From the first line to the last, copy the material exactly and leave the pictures out.

GIVEN MATERIAL:
◆ ◆ ◆ ◆ ◆

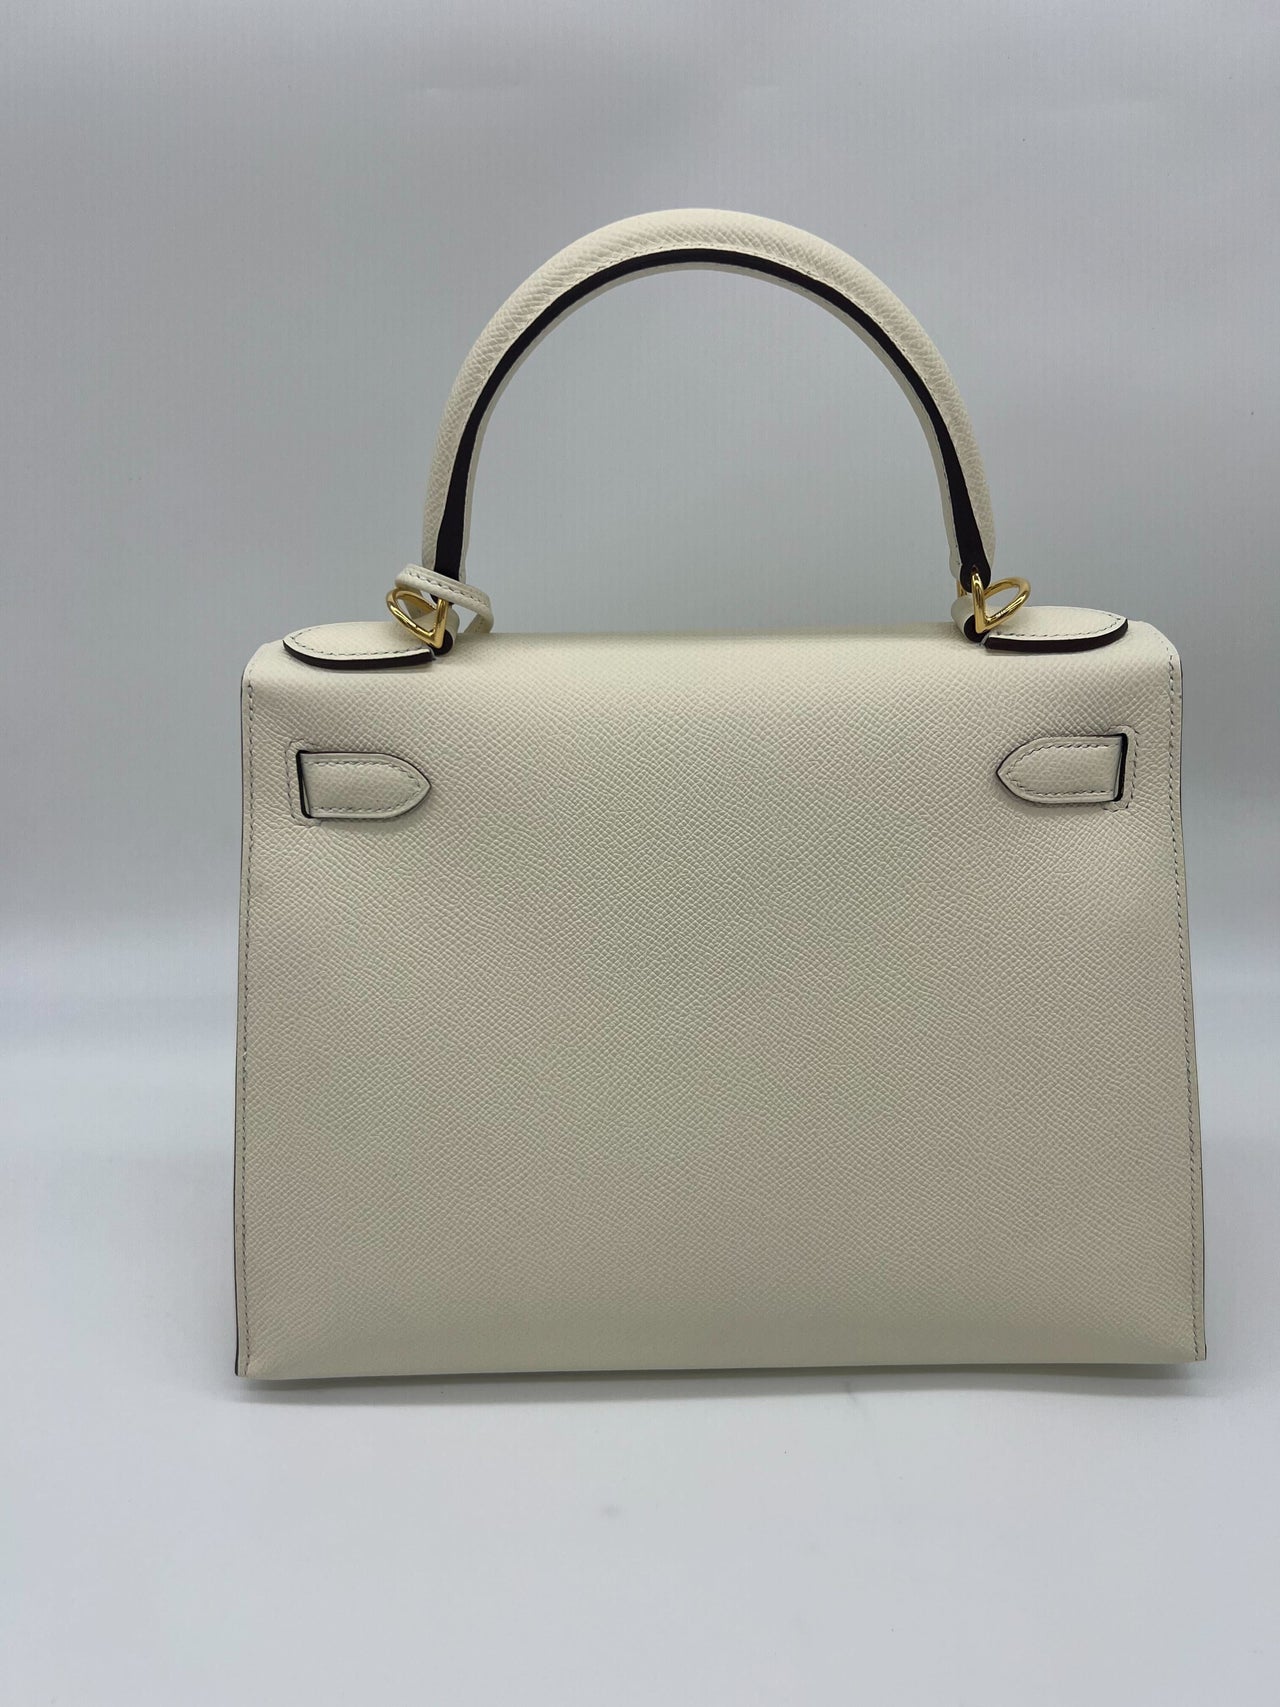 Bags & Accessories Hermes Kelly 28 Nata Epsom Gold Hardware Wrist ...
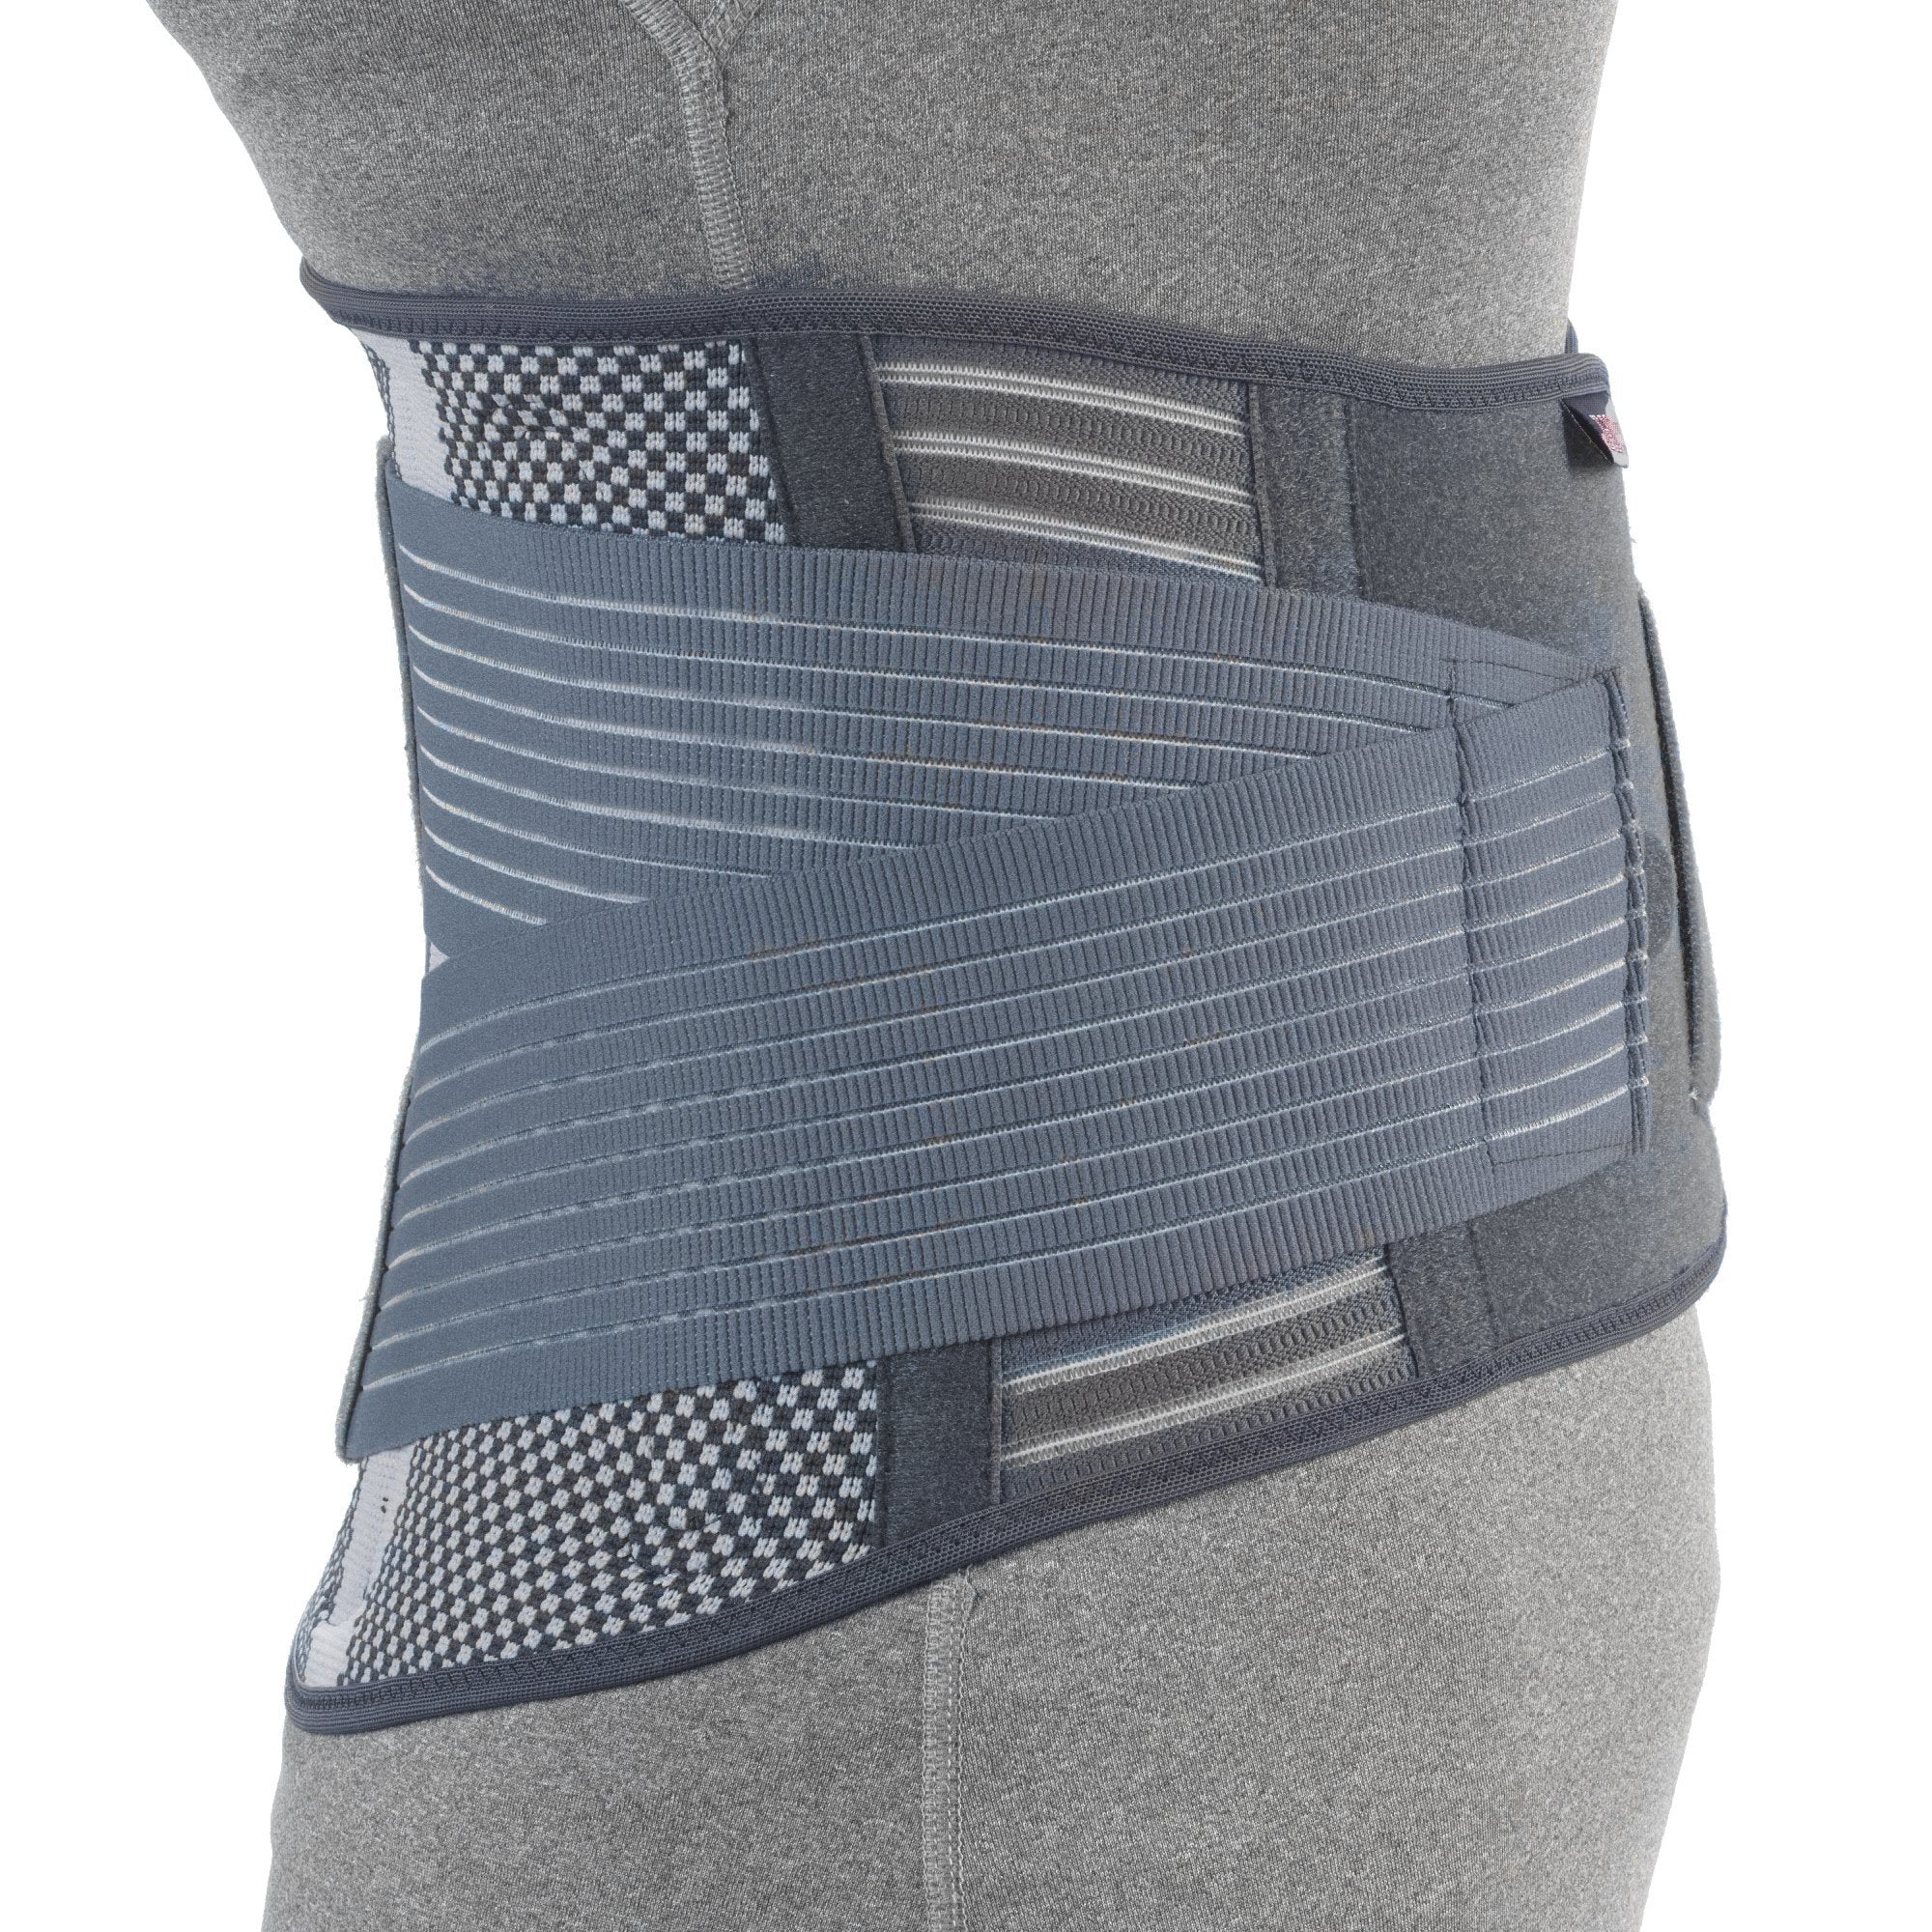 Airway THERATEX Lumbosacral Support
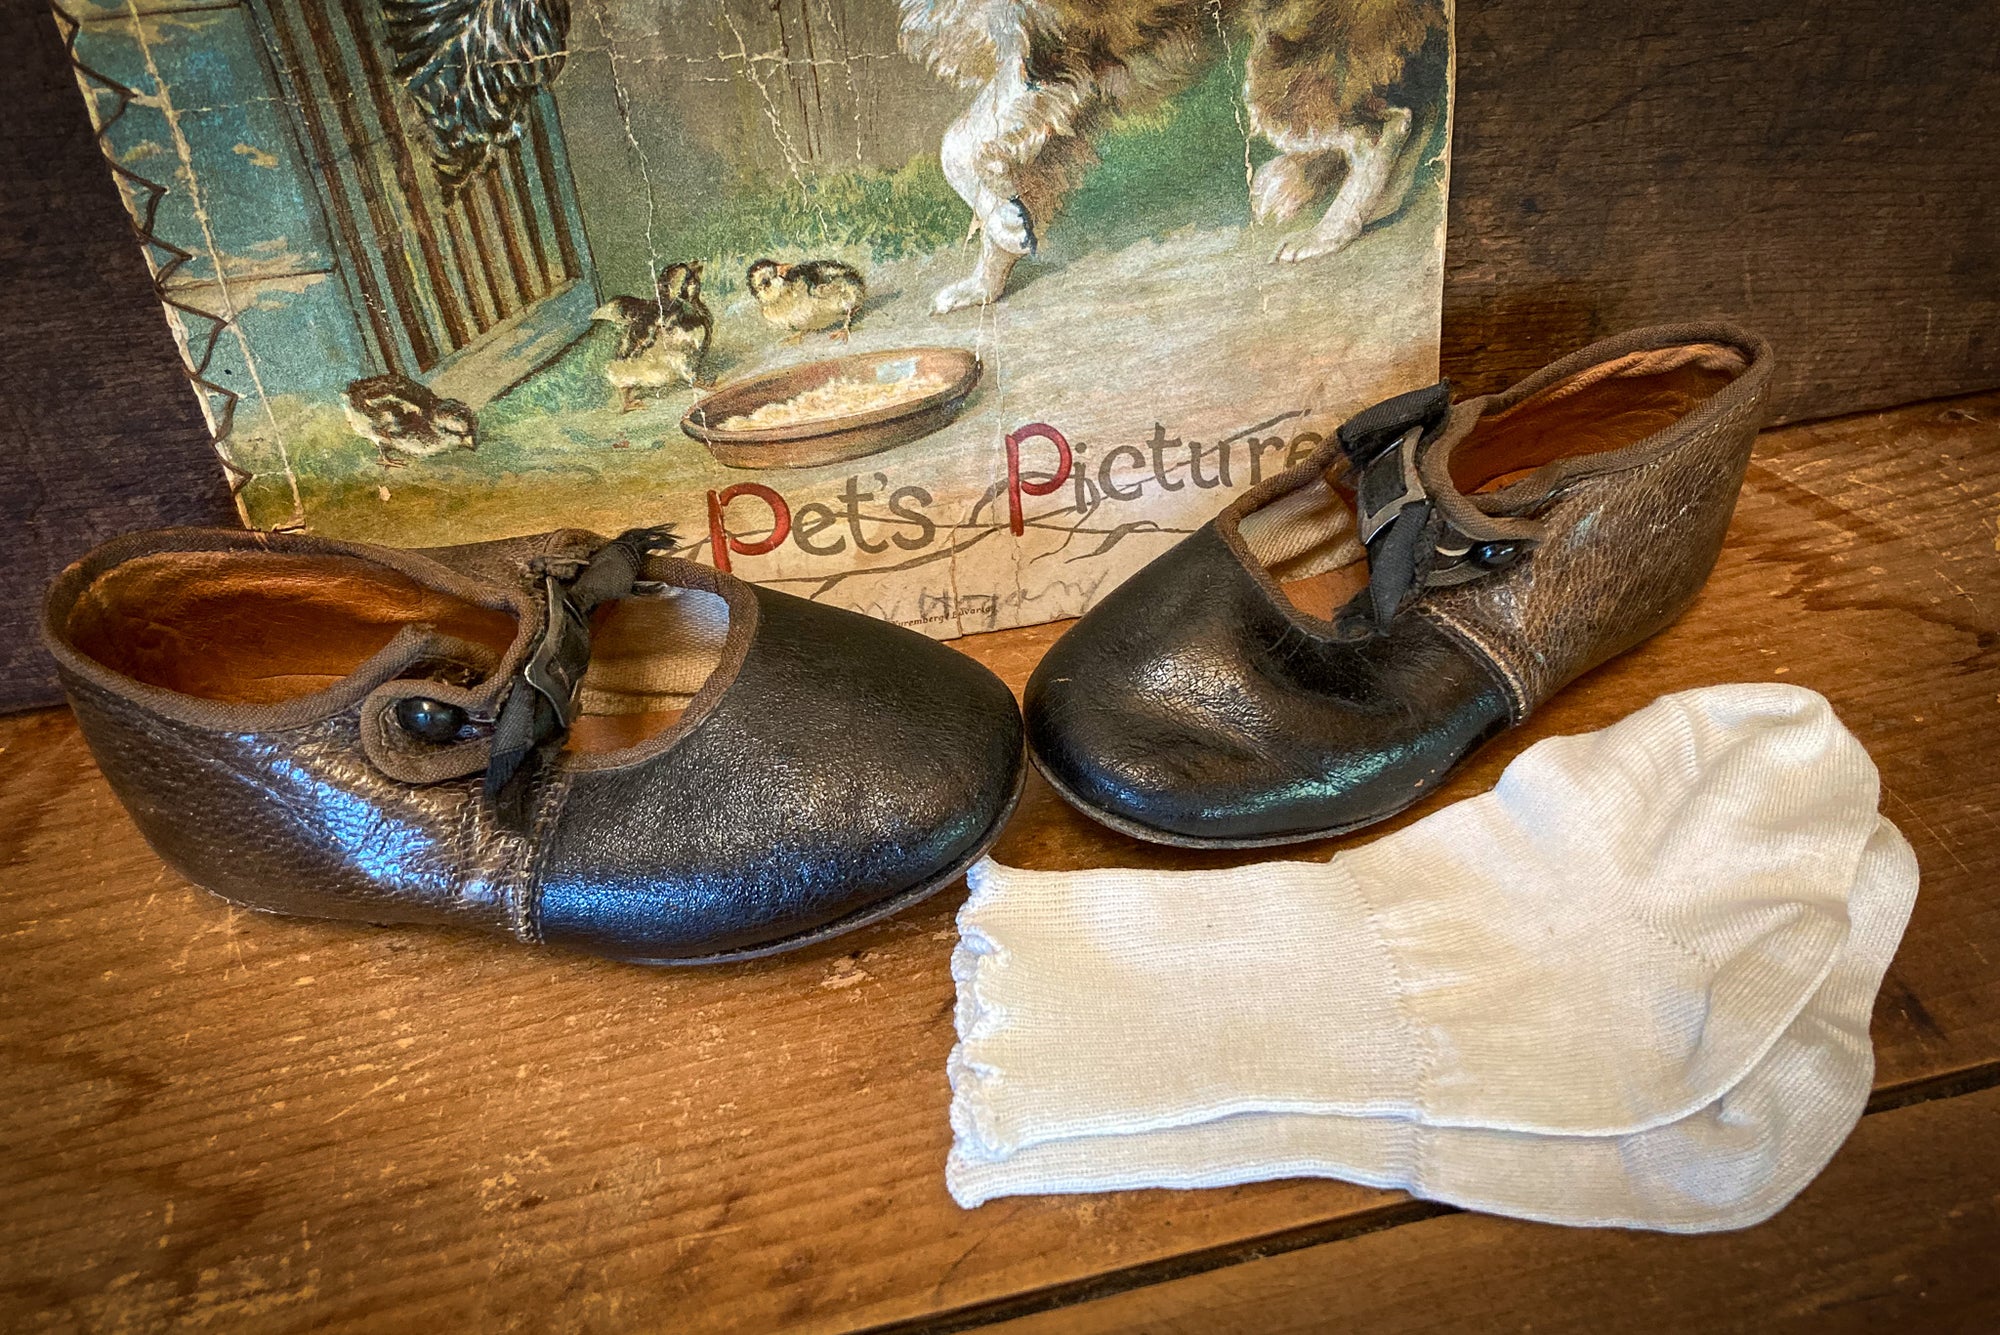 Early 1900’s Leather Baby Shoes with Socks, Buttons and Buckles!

◆ ◆ ◆ ◆ ◆

TASK SOLUTION:
 Bags & Accessories Hermes Kelly 28 Nata Epsom Gold Hardware Wrist ...
 Airway THERATEX Lumbosacral Support
 Early 1900’s Leather Baby Shoes with Socks, Buttons and Buckles!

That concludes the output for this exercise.